23:02 <geist> i'm sure there are more and more elaborate strategies you can use to fix up the problem after it happens

23:02 <geist> but in general the best solution is to avoid having the problem in the first place

23:09 <clever> geist: oh, but i can see one solution to this, a new flag in the paging tables, that allows TLB merging and tells the cpu you dont care about A/D being out of date

23:09 <clever> it could be used for kernel mappings, mlock() stuff, and stuff you dont plan to swap

23:10 * geist nods

23:10 <clever> then the entire kernel .text would always be 1 TLB slot

23:10 <clever> and would basically never miss

23:11 <clever> and it would be more flexible then just having 16mb pages

23:11 <clever> because it wont be limited to a power of 2

23:11 <heat> geist, seems that the idea around linux kasan is that they just keep the dynamic shadow bits (vmalloc) unmapped I think

23:11 <heat> so this is a non issue

23:11 <clever> but then the TLB check has to be range based

23:11 <heat> i guess you can intercept this on a page fault and kasan still works

23:11 <geist> (sorry, a bit busy today, trying to ignore irc. please dont tag me, makes my phone bloop in the other room)

23:11 <clever> kk

23:12 <heat> sorry

23:12 <geist> no worries, just trying to heads down on something

23:12 <clever> is risc-v based on a soft mmu?

23:12 danilogondolfo has quit [Remote host closed the connection]

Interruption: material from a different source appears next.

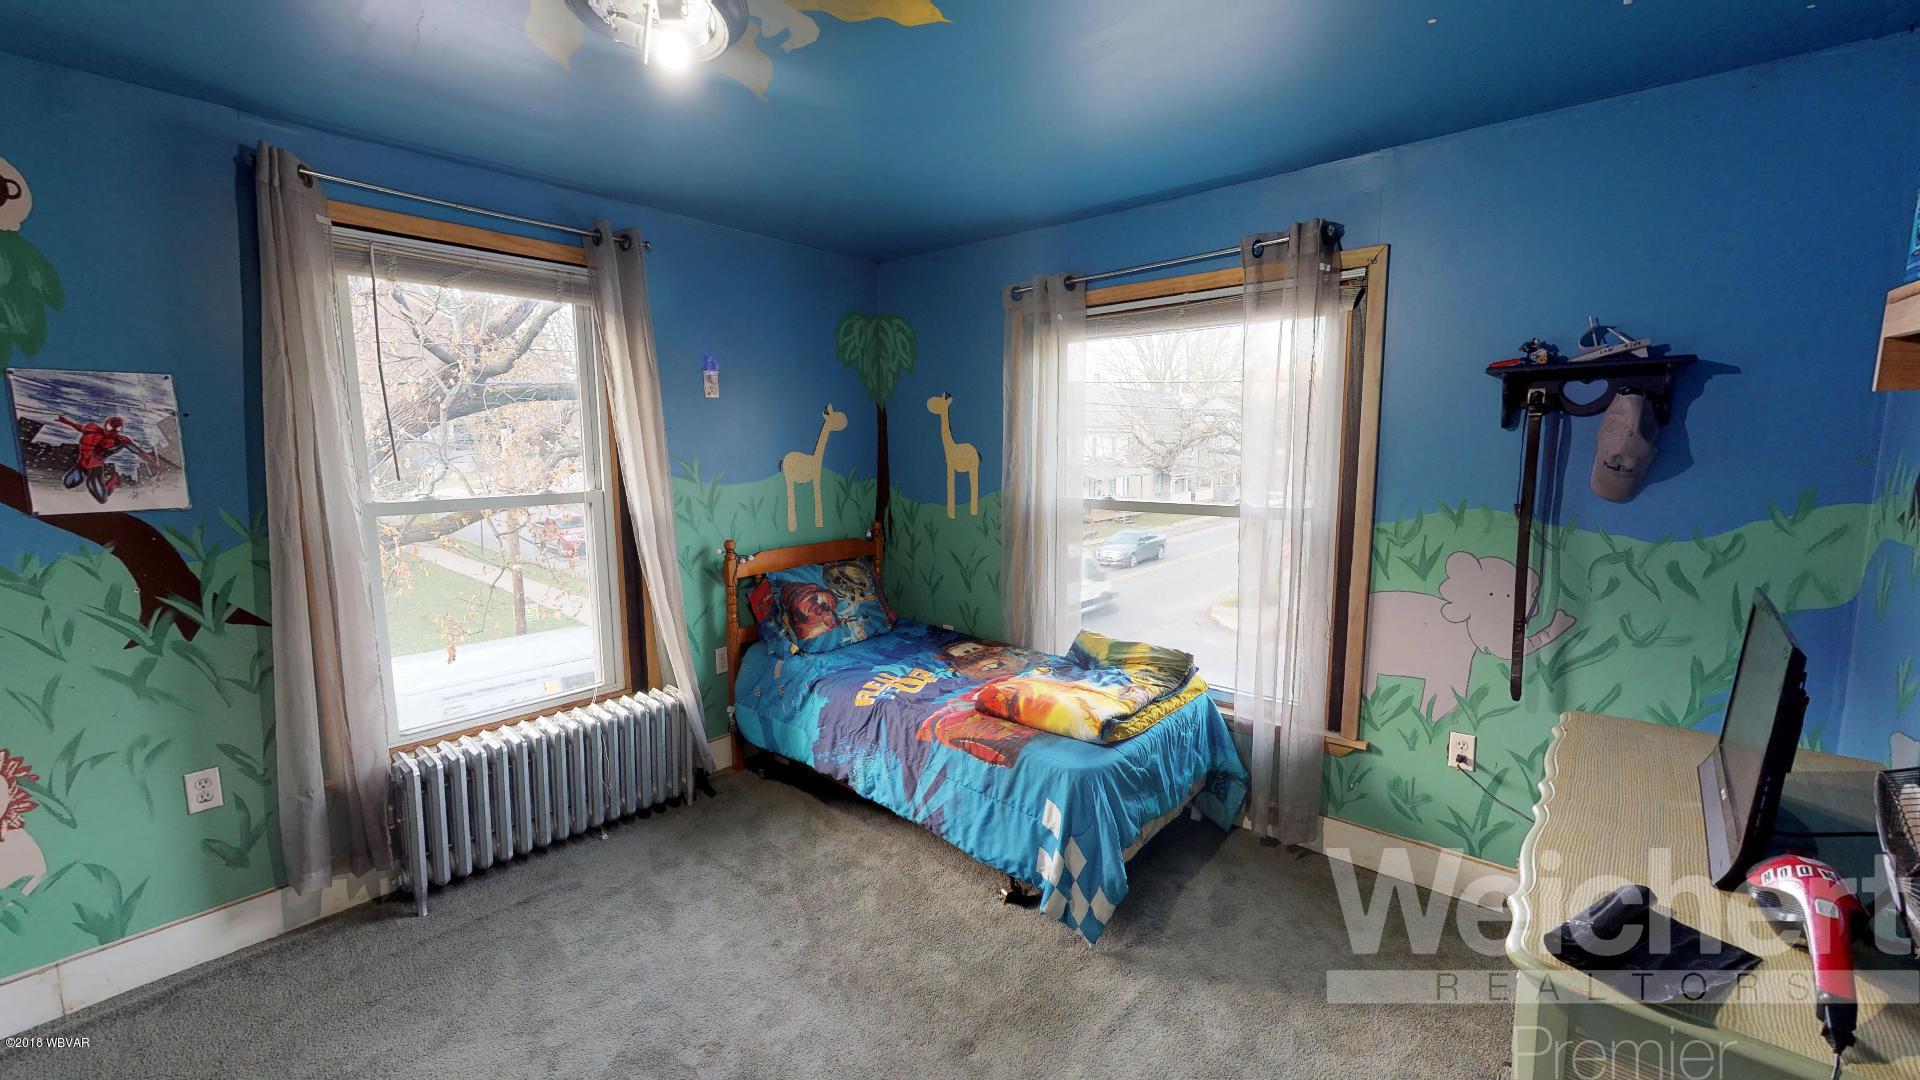 1929 MEMORIAL AVENUE,Williamsport,PA 17701,3 Bedrooms Bedrooms,2 BathroomsBathrooms,Residential,MEMORIAL,WB-86012

23:12 <clever> that would let you implement such an idea without changing the cpu

23:12 <heat> like "if (is_kasan_shadow(fault_address) && is_vmalloc_addr(shadow2addr(fault_address))) bad_kasan();"

23:12 <heat> no

23:12 <clever> if the tlb is range based

23:13 <heat> erm s/bad_kasan/bad_vmalloc_access/

23:13 <heat> they actually do this for NULL accesses as well

23:22 <zid> heat stop pming me your null access

23:29 air has quit [Remote host closed the connection]

23:30 air has joined #osdev

23:30 slidercrank has quit [Ping timeout: 252 seconds]

23:46 demindiro has quit [Quit: Client closed]

23:59 <mrvn> woudn't the cpu simply only merge TLB entries when the A/D bits match and also split entries when A/D changes?